Che la si chiami amatriciana in italiano o direttamente matriciana in romanesco, la salsa originata nella cittadina laziale di Amatrice (e poi importata nella capitale dai molti osti che da quella città provenivano) è forse la più celebre della cucina romana.

Tanto celebre da essere ormai usata in tutta Italia senza soluzione di continuità come uno dei condimenti più tipici della pasta.

Bucatini all'amatriciana

Ma che sia profondamente laziale è dimostrato soprattutto dagli ingredienti di cui è composta: il guanciale, il pomodoro e soprattutto il pecorino, tutti prodotti classici della tradizione culinaria romana.

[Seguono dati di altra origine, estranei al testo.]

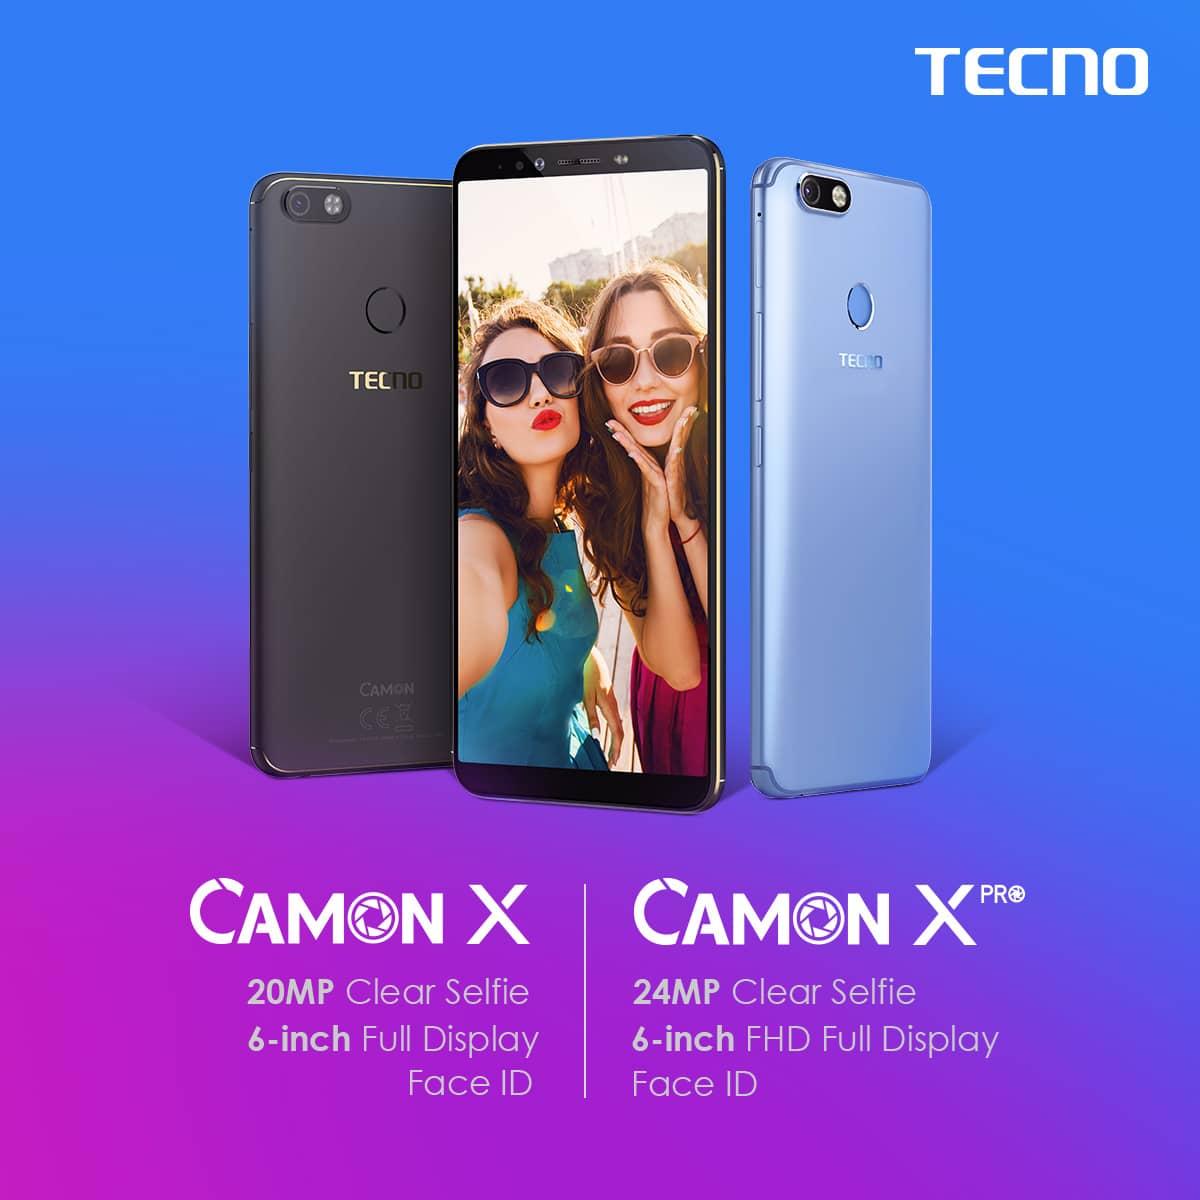 tecno camon x specifications - tecno pouvoir 2 vs tecno camon x

Non solo: l’amatriciana nasce dalla gricia, altra salsa tipica di Roma però soppiantata ormai dalla più famosa figlia e nota quindi come «l’amatriciana senza il pomodoro».

Il sugo derivato della gricia che ha conquistato Roma

Se la gricia, infatti, pare sia stata introdotta a Roma da un immigrato del Cantone svizzero dei Grigioni, l’invenzione dell’amatriciana si può datare attorno alla fine del Settecento, quando la creazione della salsa di pomodoro permise l’accostamento del nuovo ingrediente al già consolidato sugo creando qualcosa di nuovo e di immediato successo.

Il tipo di pasta ideale da accostarvi sono i bucatini, grossi spaghetti forati tipici della città che, proprio in virtù del buco in cui passa l’acqua durante la cottura, nonostante la mole cuociono più o meno con la stessa tempistica degli spaghetti tradizionali.

Un piatto di bucatini all'amatriciana (foto di stu_spivack via Flickr)
Un piatto di bucatini all’amatriciana (foto di stu_spivack via Flickr)

La loro robustezza, associata alla morbidezza del pomodoro e alla solidità dei pezzi di guanciale, genera un mix unico non sono per il palato, ma anche per i denti.

Ad Amatrice, comunque, sottolineano come la ricetta originale non prevedesse bucatini ma spaghetti e soprattutto ricordano che non è prevista cipolla, ingrediente che invece soprattutto fuori dal Lazio viene di sovente aggiunto alla ricetta.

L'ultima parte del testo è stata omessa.